祁道凜看她氣定神閑的樣子奇道:“方才的消息你不打算告訴父親?”

“告訴他做什麽?他們現在正被那異姓封王的美夢迷了眼。叫他們多做會兒夢罷。”

“也行,左右於大局無礙。你我不支持這般倉促起事,本就叫父親不喜,還是別往他面前找不痛快。”祁道凜想了想便同意了,“既如此,我走了。”

祁道凝急忙放下玉盞拉住她的手:“別呀,阿姐,在我這裏過夜吧。”

“你也自去做你的美夢去吧。”

“我的夢裏有阿姐方才算得上美。”祁道凝拉著她又是求又是鬧。

“你是真不怕父親知道。”祁道凜拿她沒辦法。

“你以為父親不知道?”祁道凝露出了一個微妙的表情。

祁道凜渾身一涼:“什麽意思?”

祁道凝嘆道:“我的好阿姐啊,你以為我們這些年真的是半點痕跡也沒留下嗎?”

祁道凜瞠目結舌,一時說不出話,祁道凝便接著道:“父親喜歡你勝過我和二兄,可他又覺得你的心腸太軟了,守不住這家業。他巴不得我把你帶得狠辣一些啊。而我呢,是一把淬毒的刀,連他也不敢隨意用我,刀得要鞘,你就是我的鞘。你看,多好的算盤。”

“那二兄……”

“二兄是帶兵的好手,你與他又是一母同胞,他掌軍,你守家,這不正是楚州的傳統嗎?”

“可你我是姐妹啊……這天理倫常他便不在意了嗎?”祁道凜久違地被沖擊得露出了茫然無措的神情。

“哈哈哈,天理倫常,他若懂得這個還會做這謀反之事嗎?”祁道凝趁著她發楞,一把將她拉進了懷裏,祁道凜難得乖順地窩進了她的懷裏。軀體的溫度隔著衣物傳過來,令她冰冷的身體逐漸回暖。

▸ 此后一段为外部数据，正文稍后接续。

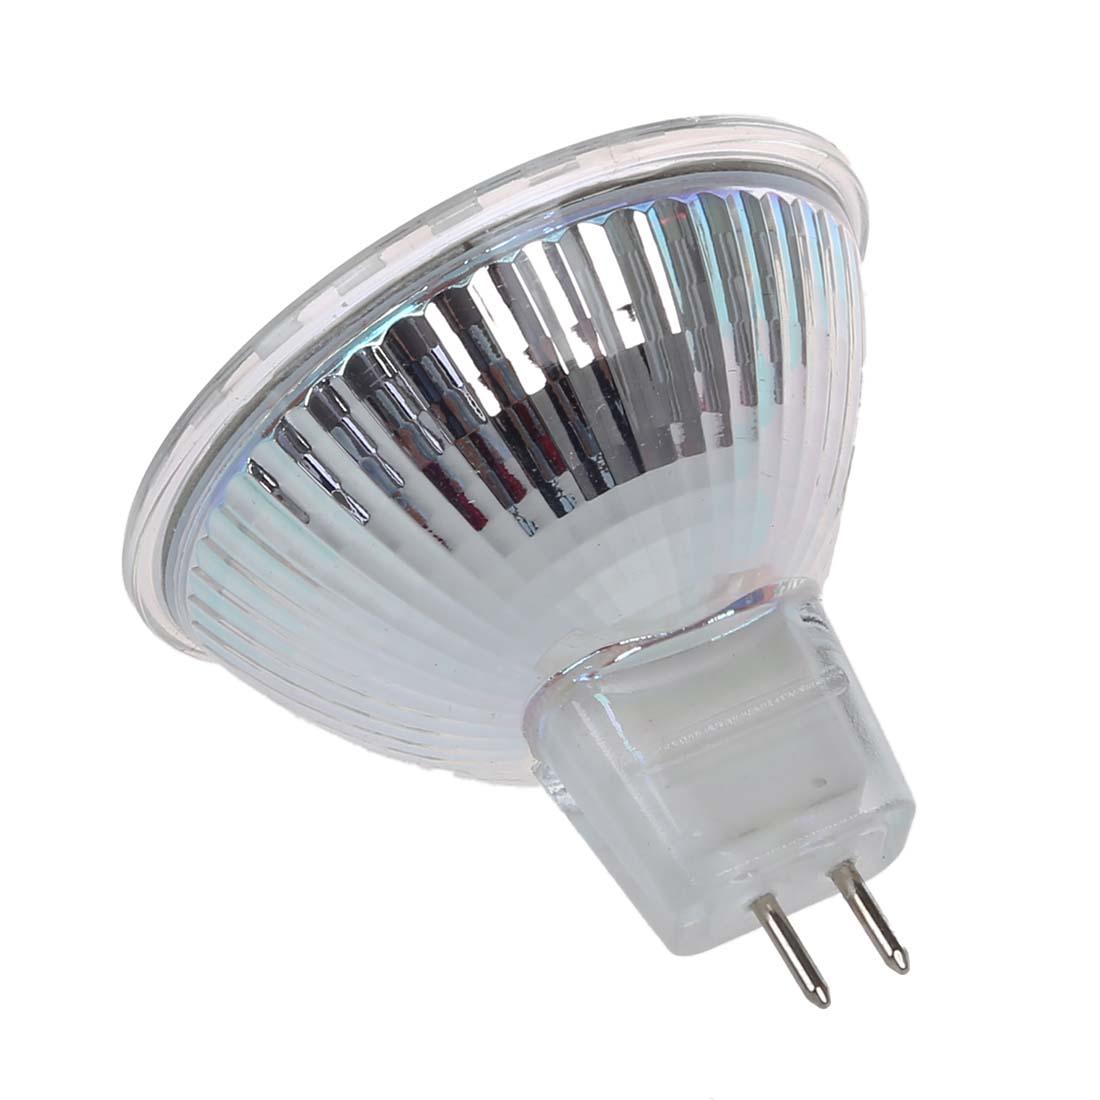 10x bulb lamp led warm white socket mr16 gu5 3 ac dc 12v e5z7 ebay. Black Bedroom Furniture Sets. Home Design Ideas

半晌,祁道凜方才長嘆出一口氣:“……這到底是怎麽樣一個家啊……”

“家?家是什麽?是一張用血緣織成的束縛的網罷了。”祁道凝嗤笑道,“若不是叫這家鎖住手腳,以你我之才學,這天下何處去不得?”

“阿凝,我有些不甘心……”祁道凜將臉頰埋進她的衣襟,“從十八歲開始,我沒有一日甘心過。一艘破敗的船,怎麽值得你我賠上一切……”

祁道凝摟住了她,貼在她的耳邊,魅惑地道:“阿姐,你有沒有想過走?”

祁道凜揪住她的衣襟,震驚地擡頭:“走去哪裏?”

祁道凝目光灼灼:“我說過,只要阿姐想,我必為阿姐達成所願。那麽現在,阿姐做出決斷了嗎?”

方鑒順利得了周誨傳來的手劄,幾人研究了一番便也明白了楚州三族做這勾當不是一天兩天了,積累的財富怕是都用來養兵了,山中有多少兵馬仍是未知。三人俱是出了一身冷汗。

“事不宜遲,我們即刻出城,魏將軍這數千兵馬怕是不夠。消息需得盡快發往京中恭請聖裁。”方鑒拍板下了決斷。於是第二日借口方鑒游學要去附近縣城古跡,三人又出了城,一出城便快馬加鞭往魏立澄處去。

甫一下馬,魏立澄便迎出來道:“回來得正好,我這邊也有了些消息。”

方鑒先講城中情況說了,魏立澄散入山中的人馬也驗證了幾處要道皆有兵馬守衛,與方鑒這處的判斷基本一致,於是便將周誨手劄並她二人的奏報一並八百裏加急發出,這才有空再論其他。

“什麽?有高大人的消息?”方鑒聞言欣喜萬分。

“我們散在山中的武卒撞上了一名采藥人,聽聞我們在找人,便說似乎見過。再問的時候她卻不信,說得要我們自證身份。這怎麽說呢,我總不能把游擊將軍印給她吧。”魏立澄面有難色。

方鑒心中有什麽一閃而過,她問道:“這麽說這人能見到高大人?”

“據說是知道那位大人身處何處。”

“這樣吧,你將這個給她,叫她拿給那位大人看,大人自會明白。”方鑒猶豫片刻,從袖袋中掏出了一樣東西。魏立澄接過看了看,是一枚精巧的小印,上頭刻了“臨深”二字。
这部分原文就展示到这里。